Роль же Барклая (или Кутузова) была отдана в послевоенные годы Сталину, он был объявлен выдающимся полководцем всех времен и народов, отцом великой Победы благодаря десяти полководческим «ударам» в 1944 году — сразу после войны наша флюгерная пропаганда и тут же объявившиеся тоже державшие нос по ветру пуровские «историки» войны окрестили их сталинскими — враг и был разгромлен.
Когда после XX съезда пропагандистский пьедестал, на котором возвышалась фигура Сталина, потерпел основательный ущерб, на это символическое место был возведен маршал Жуков, он стал внедряться как единоличный творец Победы, почему-то таким образом отделяемый от других военачальников (Василевского, Рокоссовского, Черняховского), вольно или невольно противопоставленный им, хотя они по справедливости должны были бы стоять рядом. Но по давно сложившейся традиции широко распространенных общепринятых представлений, всячески поддерживаемых и питаемых бойкой пропагандой: спаситель Отечества должен быть один и непременно возвышаться над всеми, кто был рядом. Не об этом ли (имея в виду, конечно, не только войну) писал Булат Окуджава: «И все-таки жаль, что кумиры нам снятся по-прежнему, и мы до сих пор все холопами числим себя».
Но не забудем об «остервенении народа» из пушкинской формулы или «дубине народной войны», как выразил это в «Войне и мире» Толстой, — война была действительно народным противостоянием захватчикам и благодаря «остервенению народа» остановили гитлеровскую армию в пригородах Москвы, вынесли нечеловечески страшную блокаду Ленинграда, не сдали Сталинград. Об этом у того же Окуджавы: «Когда-нибудь мы вспомним это и не поверится самим, а нынче нам нужна одна победа, одна на всех, мы за ценой не постоим».

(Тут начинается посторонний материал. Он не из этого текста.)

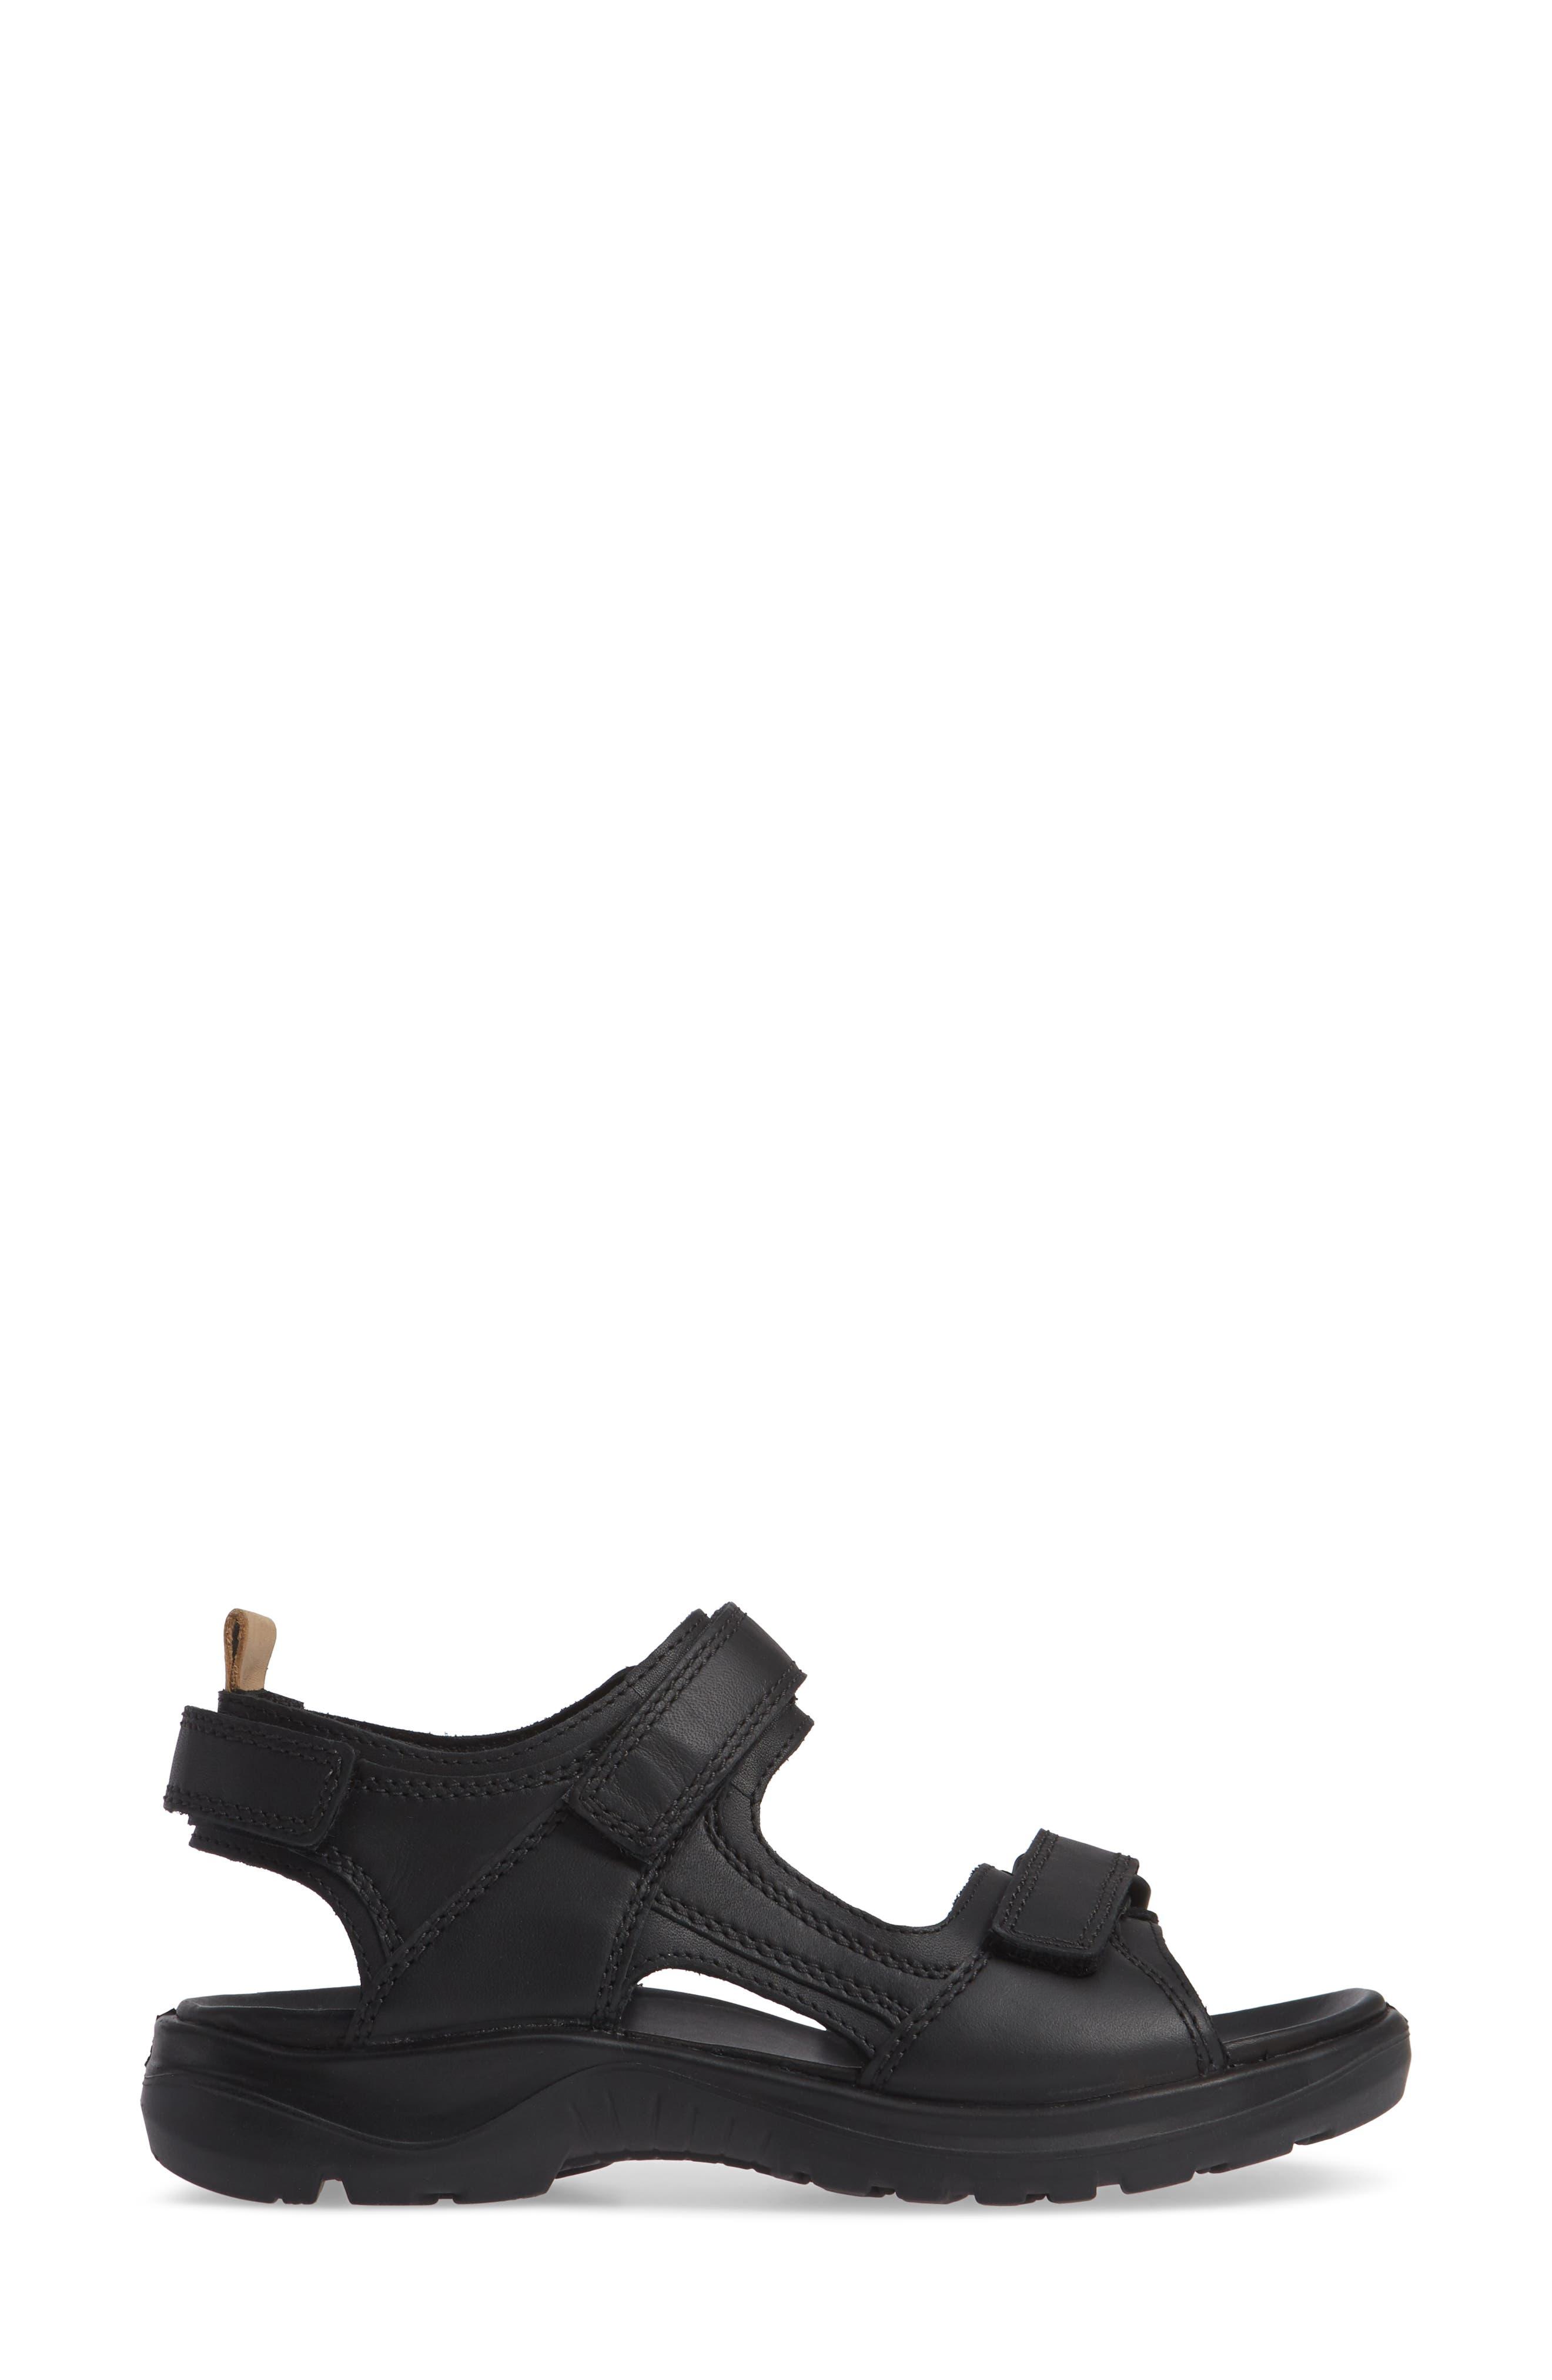 Premium Offroad Sandal,                             Alternate thumbnail 3, color,                             BLACK NUBUCK LEATHER

Десять лет назад Василь Быков дал интервью (хочу на всякий случай для ясности сказать: в русской, а не в белорусской печати — там бы тогда вряд ли напечатали), которое, видимо, вспоминая строки Твардовского, назвал «Горький привкус победы». Вот цитата из него: «Безусловно, мы любили родину и не щадили жизни для ее свободы. Но Сталин, вероятно, по собственному опыту знал, что как в мирной жизни, так и на войне принуждение — средство куда более эффективное, чем показной советский патриотизм… На том строилась вся детально разработанная система военного командования, политорганов, особых отделов, прокуратуры, штрафных рот и штурмовых батальонов — вся эта репрессивная структура периода войны, запрограммированная исключительно на принуждение.

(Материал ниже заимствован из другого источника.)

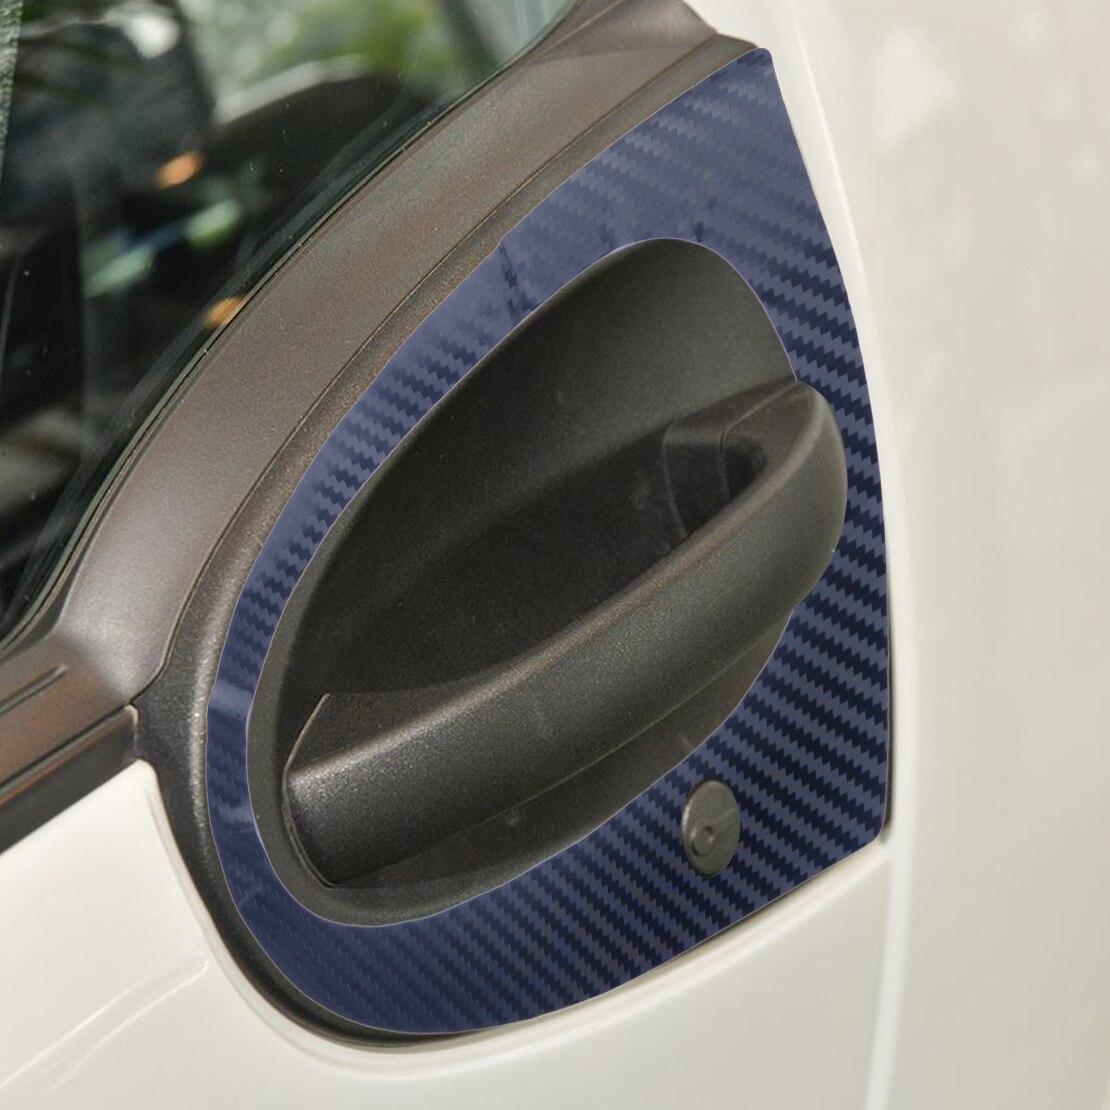 Dwcx 2pcs Pet Car Door Handle 3d Sticker Cover Trim Fit For Smart 451 Fuse Box Citall Fortwo Brabus

Именно это обстоятельство объясняет печальный для войны парадокс, когда многие полки и дивизии месяцами бессмысленно атаковали одни и те же рубежи и высоты, клали возле них тысячи людей. Атаковать была установка сверху, и дело подчиненных было ее исполнять, не заботясь о результатах…»
Великая победа — действительно великая — имела очень горький привкус, это Быков точно сказал.
В войну хорошо ли, плохо ли — творили историю, не до объяснений с ней и о ней было. Проблема эта со всей остротой и драматизмом возникла сразу же после победы, когда с мучительным трудом «считать мы стали раны, товарищей считать». Тяжелые вопросы, суть которых — я возвращаюсь к тому, о чем говорил, — к цене победы, повисли в воздухе, требуя ответа. Отвечал Сталин на приеме в Кремле в честь командующих войсками Красной Армии 24 мая 1945 года. Немецкая армия была разгромлена, Германия капитулировала, и он уже не обращался, как 3 июля 1941 года к соотечественникам и защитникам Отечества с заискивающим «Братья и сестры!.. Друзья мои!..» — и стакан с нарзаном не дрожал в его руке. Тон был торжественно державным. И все-таки в его речи было одно место, которое могло выглядеть как «покаянный» ответ на те больные вопросы, что висели в воздухе. Он сказал: «У нашего правительства было немало ошибок, были у нас моменты отчаянного положения в 1941–1942 годах, когда наша армия отступала, покидала родные нам села и города Украины, Белоруссии, Молдавии, Ленинградской области, Прибалтики, Карело-Финской республики, покидала потому, что не было другого выхода. Иной народ мог бы сказать правительству: вы не оправдали наших ожиданий, уходите прочь, мы поставим другое правительство, которое заключит мир с Германией и обеспечит нам покой».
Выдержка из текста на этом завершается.